ASSIGNMENT.
Return the data below unaltered, but strip out the pictures.

[[ DATASET CONTENT open ]]

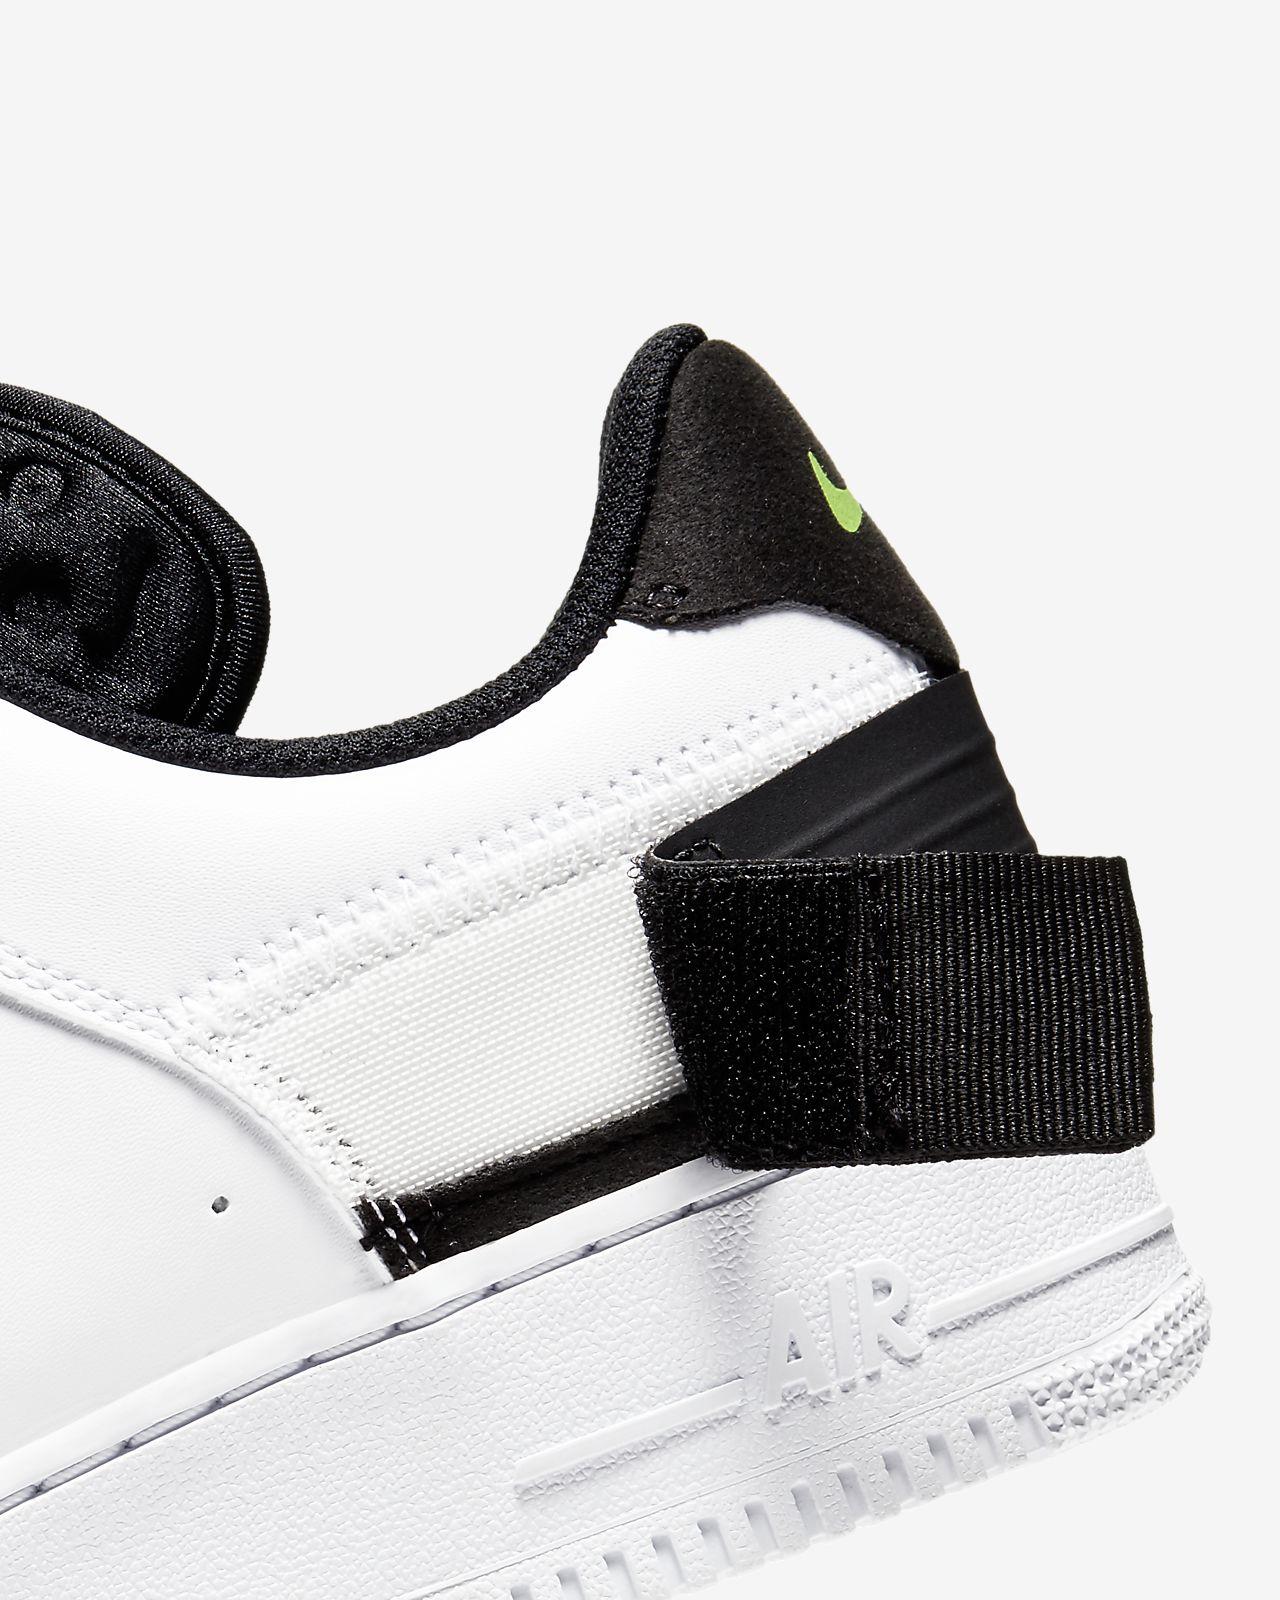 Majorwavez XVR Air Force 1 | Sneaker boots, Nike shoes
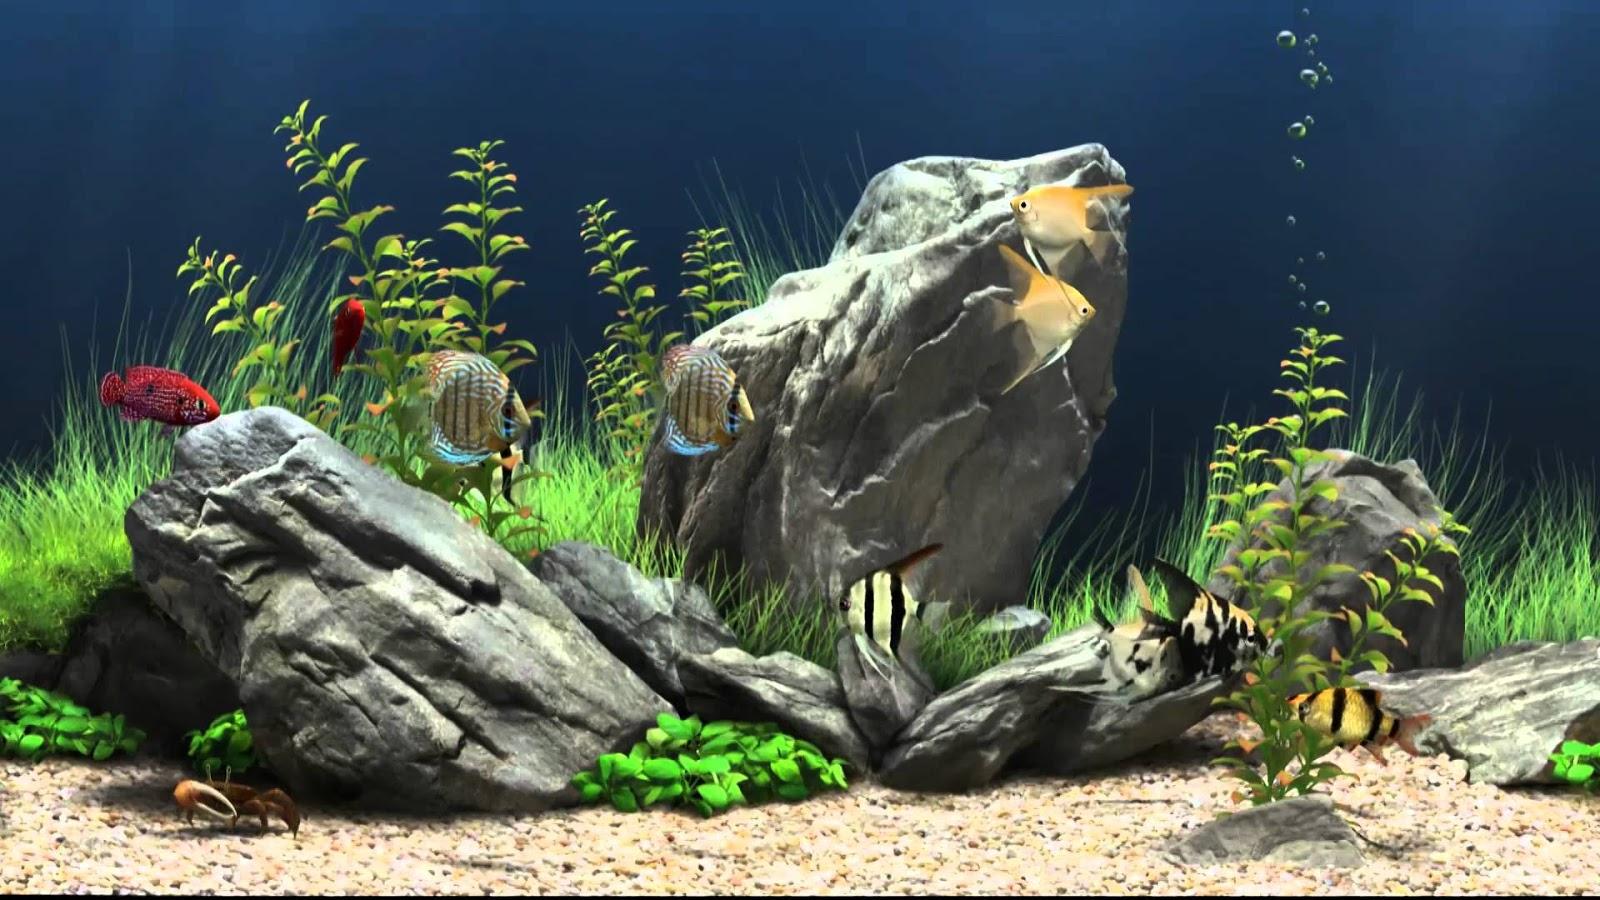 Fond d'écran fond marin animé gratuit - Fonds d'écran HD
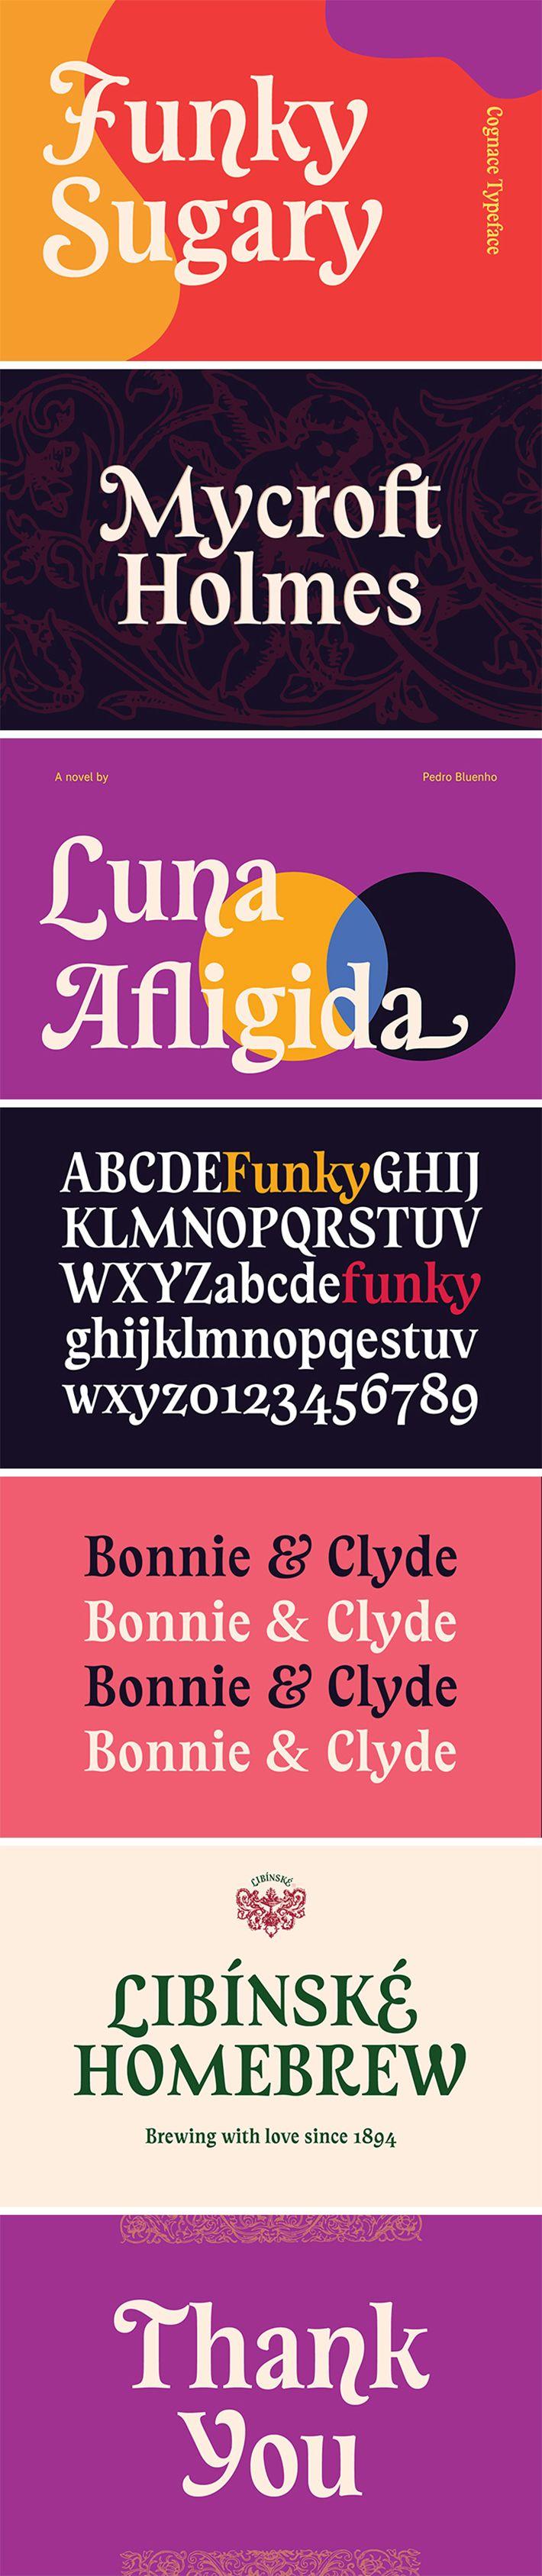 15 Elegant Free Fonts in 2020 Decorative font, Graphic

[[ DATASET CONTENT closed ]]

YOUR RESPONSE.
 Majorwavez XVR Air Force 1 | Sneaker boots, Nike shoes
 Fond d'écran fond marin animé gratuit - Fonds d'écran HD
 15 Elegant Free Fonts in 2020 Decorative font, Graphic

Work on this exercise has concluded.